第20章 信じる
第三者目線
「他に誰かいたのか?!」
「うん。佐助兄より少し若い男の人。よく見てなくて名前も知らないけど…」
佐助の事で一杯だったなおは覚えていなかった。
「信長様。やはり此度の戦。なおを…」
「連れていく」
信長の声が強く響いた。
「顕如もどう動くか分からん。そばに置いておく」
信長の言葉に、皆が押し黙る。
「引き続き佐助の動向も追え。以上だ」
そう言うと、信長はなおをそのまま横抱きにし、広間を出て行った。
「信長様はなおを連れてくつもりなのか?」
政宗の問いに秀吉は頭を抱え頷く。
「あの様子だと、収まるところに収まった様だな。しかし、あんなにしっかり所有跡付けるとは…」
光秀は愉快そうに肩を震わせる。
「はっ?」
秀吉はその言葉に驚く。
「気づかなかったか?首元にしっかりついてたぞ」
光秀は益々肩を震わせる。
「蚊に刺された跡では?」
「お前相変わらず…馬鹿なの…。

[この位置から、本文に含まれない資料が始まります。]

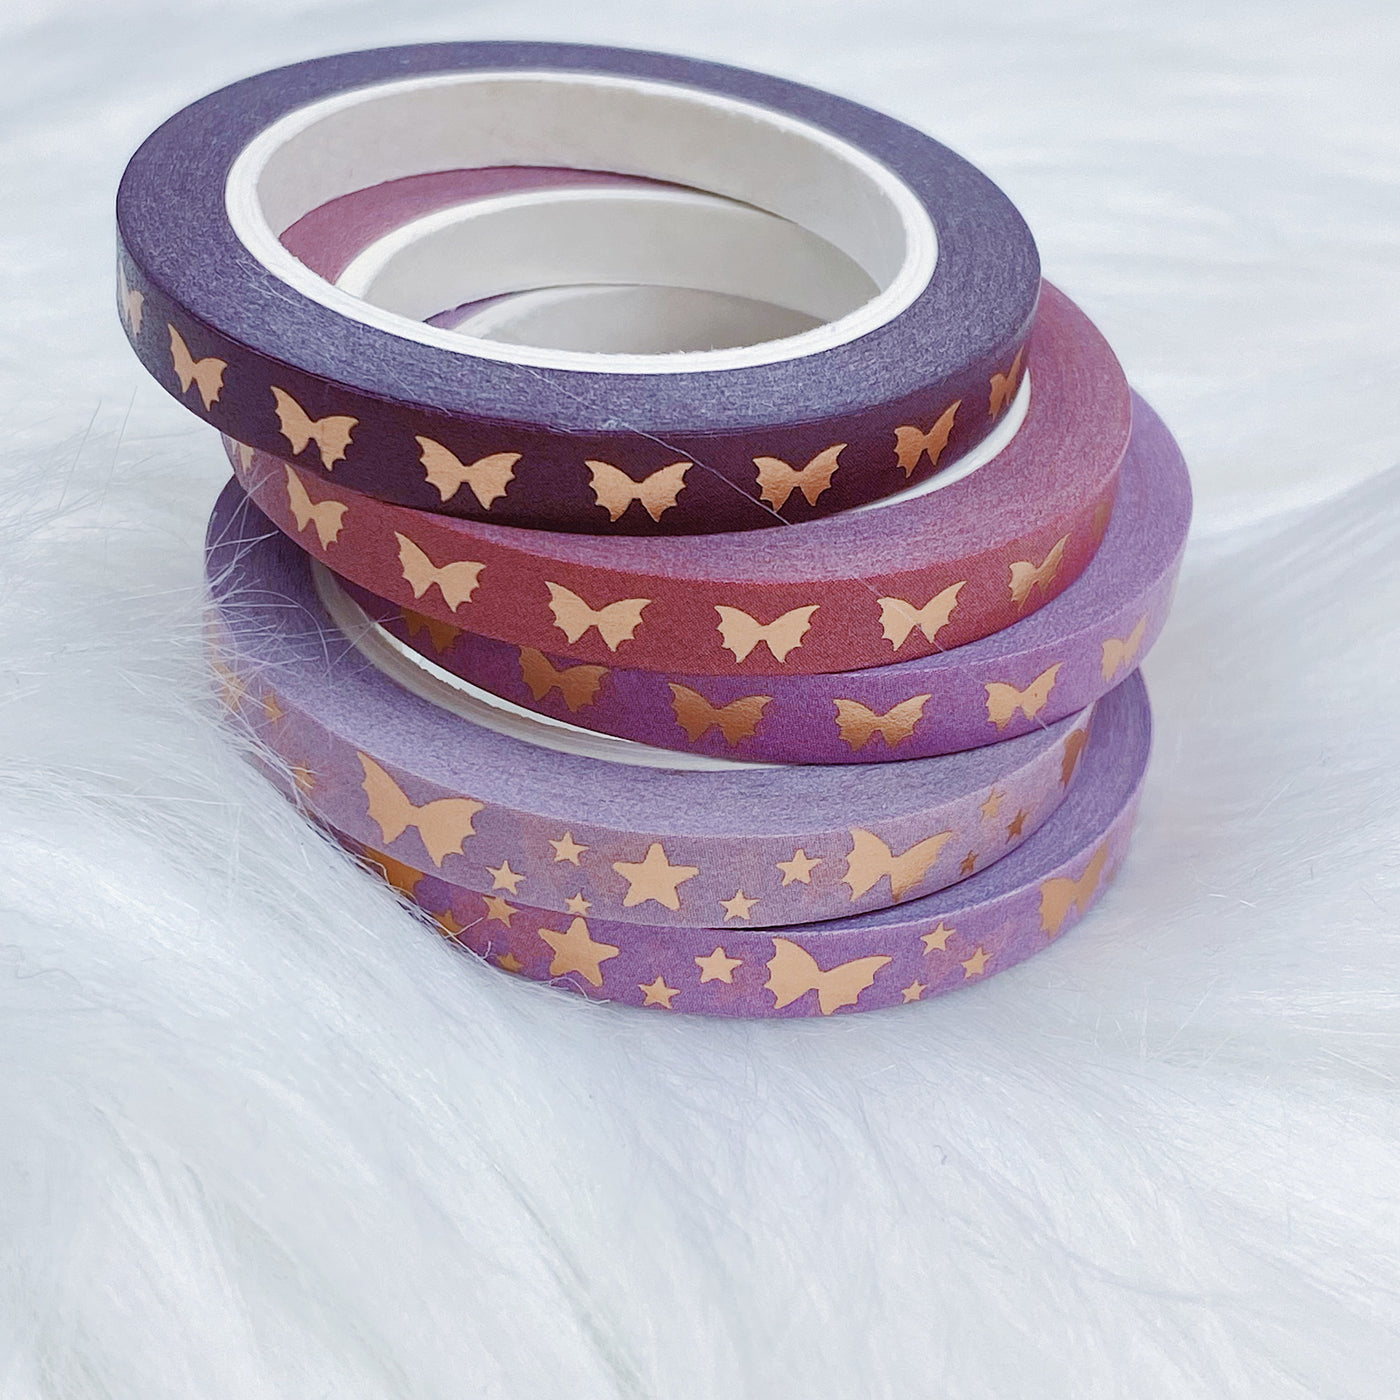 Send Me Nudes Rose Gold Baby Bat Bows Perforated Header Washi Bundle | (5) 5MM Tapes

俺は今朝から気付いてましたけど…」
相変わらずの三成に、家康は溜息をつく。
「ま、まぁいい。とりあえず、なおを連れていくつもりなら、それなりの準備も必要だ。三成頼むぞ」
話を誤魔化す様に秀吉は話し出した。
「やっぱりそうかぁ〜。手を出す暇もなかったな」
政宗が残念そうな声を上げる。
「お前は…まだそんな事言ってるのか?」
秀吉が呆れたように声を上げる。
「とりあえず、家康。明日から頼んだぞ」
「…分かってますよ」
「はっ?何を頼まれたんだ家康」
「…薬の事教えろって言われたんですよ。戦に行って役に立たないのは嫌だからって…」
家康は面倒くさそうに言い放つ。
「いいじゃね〜か。じゃあ、俺は明日から甘味でも作って差し入れしてやる」
政宗は嬉しそうに家康の肩に手を置いた。
「…なおだけでも大変なのに…余計な事しないでください」
「そう言って、なおを一人占めするつもりだろう」
にやにやしながら家康を見る政宗を、呆れた眼差しで見る秀吉。
「お前は…」
呆れを通り越して何も言えない秀吉。
「家康様と政宗様はとても仲がおよろしいのですね」
斜め上の解釈をする三成。
「くくっ…あぁ良いな」
その皆の様子に光秀は益々肩を震わせた。